# WHAT IS REQUIRED
This exercise calls for every record to be set down exactly.
++++++++++
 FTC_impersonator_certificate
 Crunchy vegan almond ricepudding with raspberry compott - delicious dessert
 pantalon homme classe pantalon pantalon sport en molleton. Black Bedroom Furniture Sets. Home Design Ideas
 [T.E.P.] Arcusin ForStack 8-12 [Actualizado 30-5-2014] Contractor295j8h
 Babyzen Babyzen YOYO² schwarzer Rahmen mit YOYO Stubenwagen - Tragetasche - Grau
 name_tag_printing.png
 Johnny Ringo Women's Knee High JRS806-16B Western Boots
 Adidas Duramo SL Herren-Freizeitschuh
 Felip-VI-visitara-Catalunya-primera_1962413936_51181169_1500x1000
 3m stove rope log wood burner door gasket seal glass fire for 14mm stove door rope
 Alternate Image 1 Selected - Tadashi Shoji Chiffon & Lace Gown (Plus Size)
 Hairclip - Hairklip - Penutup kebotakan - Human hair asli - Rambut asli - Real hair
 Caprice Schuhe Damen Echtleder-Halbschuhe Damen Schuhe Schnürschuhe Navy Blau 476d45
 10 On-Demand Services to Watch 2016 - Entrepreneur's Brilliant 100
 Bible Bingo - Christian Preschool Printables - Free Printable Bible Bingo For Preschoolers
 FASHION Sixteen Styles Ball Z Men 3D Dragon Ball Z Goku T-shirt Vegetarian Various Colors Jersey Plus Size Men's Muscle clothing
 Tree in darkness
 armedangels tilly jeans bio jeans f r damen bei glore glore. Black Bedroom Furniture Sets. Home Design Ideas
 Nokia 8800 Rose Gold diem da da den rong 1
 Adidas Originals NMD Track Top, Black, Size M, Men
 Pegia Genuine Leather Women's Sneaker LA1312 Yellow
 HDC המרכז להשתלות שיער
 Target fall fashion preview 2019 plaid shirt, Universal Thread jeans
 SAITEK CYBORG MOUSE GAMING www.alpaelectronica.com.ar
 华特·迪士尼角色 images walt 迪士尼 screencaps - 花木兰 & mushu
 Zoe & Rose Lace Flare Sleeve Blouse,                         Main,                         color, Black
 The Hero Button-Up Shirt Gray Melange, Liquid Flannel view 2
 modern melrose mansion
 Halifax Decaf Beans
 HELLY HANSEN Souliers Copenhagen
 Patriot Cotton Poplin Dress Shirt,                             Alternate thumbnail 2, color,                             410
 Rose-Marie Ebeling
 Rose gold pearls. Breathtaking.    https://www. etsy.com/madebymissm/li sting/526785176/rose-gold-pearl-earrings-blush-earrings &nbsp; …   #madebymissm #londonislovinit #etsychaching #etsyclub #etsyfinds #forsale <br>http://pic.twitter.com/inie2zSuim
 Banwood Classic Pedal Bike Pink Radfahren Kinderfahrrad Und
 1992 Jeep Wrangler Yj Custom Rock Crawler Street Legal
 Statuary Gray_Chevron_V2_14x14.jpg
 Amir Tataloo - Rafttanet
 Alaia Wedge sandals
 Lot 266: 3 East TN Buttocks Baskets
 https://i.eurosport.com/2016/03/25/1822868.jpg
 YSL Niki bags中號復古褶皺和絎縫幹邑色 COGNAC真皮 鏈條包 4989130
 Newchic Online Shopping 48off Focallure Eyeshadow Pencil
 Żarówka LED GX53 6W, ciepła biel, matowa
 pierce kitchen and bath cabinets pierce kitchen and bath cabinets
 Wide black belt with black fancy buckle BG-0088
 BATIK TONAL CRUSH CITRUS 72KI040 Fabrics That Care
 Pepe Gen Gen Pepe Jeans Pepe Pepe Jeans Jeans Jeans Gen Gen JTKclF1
++++++++++
# ANSWER TO THE PROBLEM
 FTC_impersonator_certificate
 Crunchy vegan almond ricepudding with raspberry compott - delicious dessert
 pantalon homme classe pantalon pantalon sport en molleton. Black Bedroom Furniture Sets. Home Design Ideas
 [T.E.P.] Arcusin ForStack 8-12 [Actualizado 30-5-2014] Contractor295j8h
 Babyzen Babyzen YOYO² schwarzer Rahmen mit YOYO Stubenwagen - Tragetasche - Grau
 name_tag_printing.png
 Johnny Ringo Women's Knee High JRS806-16B Western Boots
 Adidas Duramo SL Herren-Freizeitschuh
 Felip-VI-visitara-Catalunya-primera_1962413936_51181169_1500x1000
 3m stove rope log wood burner door gasket seal glass fire for 14mm stove door rope
 Alternate Image 1 Selected - Tadashi Shoji Chiffon & Lace Gown (Plus Size)
 Hairclip - Hairklip - Penutup kebotakan - Human hair asli - Rambut asli - Real hair
 Caprice Schuhe Damen Echtleder-Halbschuhe Damen Schuhe Schnürschuhe Navy Blau 476d45
 10 On-Demand Services to Watch 2016 - Entrepreneur's Brilliant 100
 Bible Bingo - Christian Preschool Printables - Free Printable Bible Bingo For Preschoolers
 FASHION Sixteen Styles Ball Z Men 3D Dragon Ball Z Goku T-shirt Vegetarian Various Colors Jersey Plus Size Men's Muscle clothing
 Tree in darkness
 armedangels tilly jeans bio jeans f r damen bei glore glore. Black Bedroom Furniture Sets. Home Design Ideas
 Nokia 8800 Rose Gold diem da da den rong 1
 Adidas Originals NMD Track Top, Black, Size M, Men
 Pegia Genuine Leather Women's Sneaker LA1312 Yellow
 HDC המרכז להשתלות שיער
 Target fall fashion preview 2019 plaid shirt, Universal Thread jeans
 SAITEK CYBORG MOUSE GAMING www.alpaelectronica.com.ar
 华特·迪士尼角色 images walt 迪士尼 screencaps - 花木兰 & mushu
 Zoe & Rose Lace Flare Sleeve Blouse,                         Main,                         color, Black
 The Hero Button-Up Shirt Gray Melange, Liquid Flannel view 2
 modern melrose mansion
 Halifax Decaf Beans
 HELLY HANSEN Souliers Copenhagen
 Patriot Cotton Poplin Dress Shirt,                             Alternate thumbnail 2, color,                             410
 Rose-Marie Ebeling
 Rose gold pearls. Breathtaking.    https://www. etsy.com/madebymissm/li sting/526785176/rose-gold-pearl-earrings-blush-earrings &nbsp; …   #madebymissm #londonislovinit #etsychaching #etsyclub #etsyfinds #forsale <br>http://pic.twitter.com/inie2zSuim
 Banwood Classic Pedal Bike Pink Radfahren Kinderfahrrad Und
 1992 Jeep Wrangler Yj Custom Rock Crawler Street Legal
 Statuary Gray_Chevron_V2_14x14.jpg
 Amir Tataloo - Rafttanet
 Alaia Wedge sandals
 Lot 266: 3 East TN Buttocks Baskets
 https://i.eurosport.com/2016/03/25/1822868.jpg
 YSL Niki bags中號復古褶皺和絎縫幹邑色 COGNAC真皮 鏈條包 4989130
 Newchic Online Shopping 48off Focallure Eyeshadow Pencil
 Żarówka LED GX53 6W, ciepła biel, matowa
 pierce kitchen and bath cabinets pierce kitchen and bath cabinets
 Wide black belt with black fancy buckle BG-0088
 BATIK TONAL CRUSH CITRUS 72KI040 Fabrics That Care
 Pepe Gen Gen Pepe Jeans Pepe Pepe Jeans Jeans Jeans Gen Gen JTKclF1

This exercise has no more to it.